Problem
Within these entries, how many lines contain the word "Zdjęcie"? Answer with the number alone.

Records supplied Block Start

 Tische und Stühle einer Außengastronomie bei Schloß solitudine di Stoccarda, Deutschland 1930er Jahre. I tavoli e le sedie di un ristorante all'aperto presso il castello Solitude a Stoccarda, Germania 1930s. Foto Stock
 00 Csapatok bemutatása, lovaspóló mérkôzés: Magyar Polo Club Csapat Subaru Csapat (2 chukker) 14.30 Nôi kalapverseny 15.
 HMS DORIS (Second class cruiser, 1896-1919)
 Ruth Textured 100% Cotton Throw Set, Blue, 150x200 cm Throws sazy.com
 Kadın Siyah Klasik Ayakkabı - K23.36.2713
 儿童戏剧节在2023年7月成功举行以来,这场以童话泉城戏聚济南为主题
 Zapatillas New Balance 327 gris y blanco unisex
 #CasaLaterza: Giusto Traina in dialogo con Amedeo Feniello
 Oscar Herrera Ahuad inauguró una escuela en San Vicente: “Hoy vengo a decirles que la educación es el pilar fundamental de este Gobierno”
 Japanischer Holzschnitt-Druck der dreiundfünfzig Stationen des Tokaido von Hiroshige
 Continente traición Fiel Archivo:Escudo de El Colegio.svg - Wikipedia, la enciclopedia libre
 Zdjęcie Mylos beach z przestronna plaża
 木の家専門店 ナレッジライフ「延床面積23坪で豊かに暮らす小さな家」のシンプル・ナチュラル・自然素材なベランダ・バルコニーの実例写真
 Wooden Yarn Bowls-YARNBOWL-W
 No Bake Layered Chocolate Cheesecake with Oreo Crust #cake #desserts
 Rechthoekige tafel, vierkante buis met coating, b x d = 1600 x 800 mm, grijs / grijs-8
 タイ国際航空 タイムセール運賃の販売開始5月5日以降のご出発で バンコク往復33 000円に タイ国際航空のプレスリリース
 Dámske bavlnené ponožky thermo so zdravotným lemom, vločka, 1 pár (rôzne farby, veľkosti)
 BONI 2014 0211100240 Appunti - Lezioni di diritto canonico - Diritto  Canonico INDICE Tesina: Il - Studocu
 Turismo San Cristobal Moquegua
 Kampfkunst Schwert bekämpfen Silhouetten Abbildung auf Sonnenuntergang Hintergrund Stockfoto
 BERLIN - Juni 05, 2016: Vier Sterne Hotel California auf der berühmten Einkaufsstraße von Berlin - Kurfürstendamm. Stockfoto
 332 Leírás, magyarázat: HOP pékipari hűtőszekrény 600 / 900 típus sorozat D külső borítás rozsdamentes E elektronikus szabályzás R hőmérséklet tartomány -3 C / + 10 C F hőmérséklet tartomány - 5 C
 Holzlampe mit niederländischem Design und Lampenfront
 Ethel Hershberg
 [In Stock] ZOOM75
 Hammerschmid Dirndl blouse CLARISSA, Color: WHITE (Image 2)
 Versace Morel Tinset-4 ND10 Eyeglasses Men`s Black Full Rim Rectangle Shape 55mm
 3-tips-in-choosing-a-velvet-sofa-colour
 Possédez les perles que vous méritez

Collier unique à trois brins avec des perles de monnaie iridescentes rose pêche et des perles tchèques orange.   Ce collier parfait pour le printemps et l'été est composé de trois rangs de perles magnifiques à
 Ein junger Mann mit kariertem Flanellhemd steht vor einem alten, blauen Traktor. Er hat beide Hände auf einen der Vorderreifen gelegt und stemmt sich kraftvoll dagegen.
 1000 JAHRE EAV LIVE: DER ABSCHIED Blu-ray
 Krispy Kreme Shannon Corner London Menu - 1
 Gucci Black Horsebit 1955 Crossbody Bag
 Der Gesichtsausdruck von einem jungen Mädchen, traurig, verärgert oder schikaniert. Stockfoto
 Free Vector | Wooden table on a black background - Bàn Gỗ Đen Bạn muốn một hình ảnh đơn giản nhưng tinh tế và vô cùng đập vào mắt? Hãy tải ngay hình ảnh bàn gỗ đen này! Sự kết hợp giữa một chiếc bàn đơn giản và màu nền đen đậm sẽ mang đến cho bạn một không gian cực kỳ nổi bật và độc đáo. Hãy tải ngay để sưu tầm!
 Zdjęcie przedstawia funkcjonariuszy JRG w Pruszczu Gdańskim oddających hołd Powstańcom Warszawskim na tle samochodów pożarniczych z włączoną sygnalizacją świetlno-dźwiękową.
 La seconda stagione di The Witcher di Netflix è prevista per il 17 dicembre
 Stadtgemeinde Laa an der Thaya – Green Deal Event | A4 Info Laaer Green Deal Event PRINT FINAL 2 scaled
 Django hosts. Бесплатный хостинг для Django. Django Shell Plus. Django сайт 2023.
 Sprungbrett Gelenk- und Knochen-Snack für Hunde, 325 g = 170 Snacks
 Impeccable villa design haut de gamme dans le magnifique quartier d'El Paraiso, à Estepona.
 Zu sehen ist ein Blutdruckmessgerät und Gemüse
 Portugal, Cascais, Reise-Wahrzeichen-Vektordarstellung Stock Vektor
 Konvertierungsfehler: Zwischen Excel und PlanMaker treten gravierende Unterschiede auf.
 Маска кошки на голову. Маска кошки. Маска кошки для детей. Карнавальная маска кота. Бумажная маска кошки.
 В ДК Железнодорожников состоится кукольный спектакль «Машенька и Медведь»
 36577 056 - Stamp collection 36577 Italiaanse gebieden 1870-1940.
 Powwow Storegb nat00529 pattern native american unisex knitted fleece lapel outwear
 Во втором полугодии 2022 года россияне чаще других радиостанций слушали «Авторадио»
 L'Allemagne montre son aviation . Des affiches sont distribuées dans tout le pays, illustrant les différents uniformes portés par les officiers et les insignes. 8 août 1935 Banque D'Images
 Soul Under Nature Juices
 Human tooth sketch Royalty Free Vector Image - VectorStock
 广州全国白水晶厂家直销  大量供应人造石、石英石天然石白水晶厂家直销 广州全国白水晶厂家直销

Records supplied Block End

Answer box
2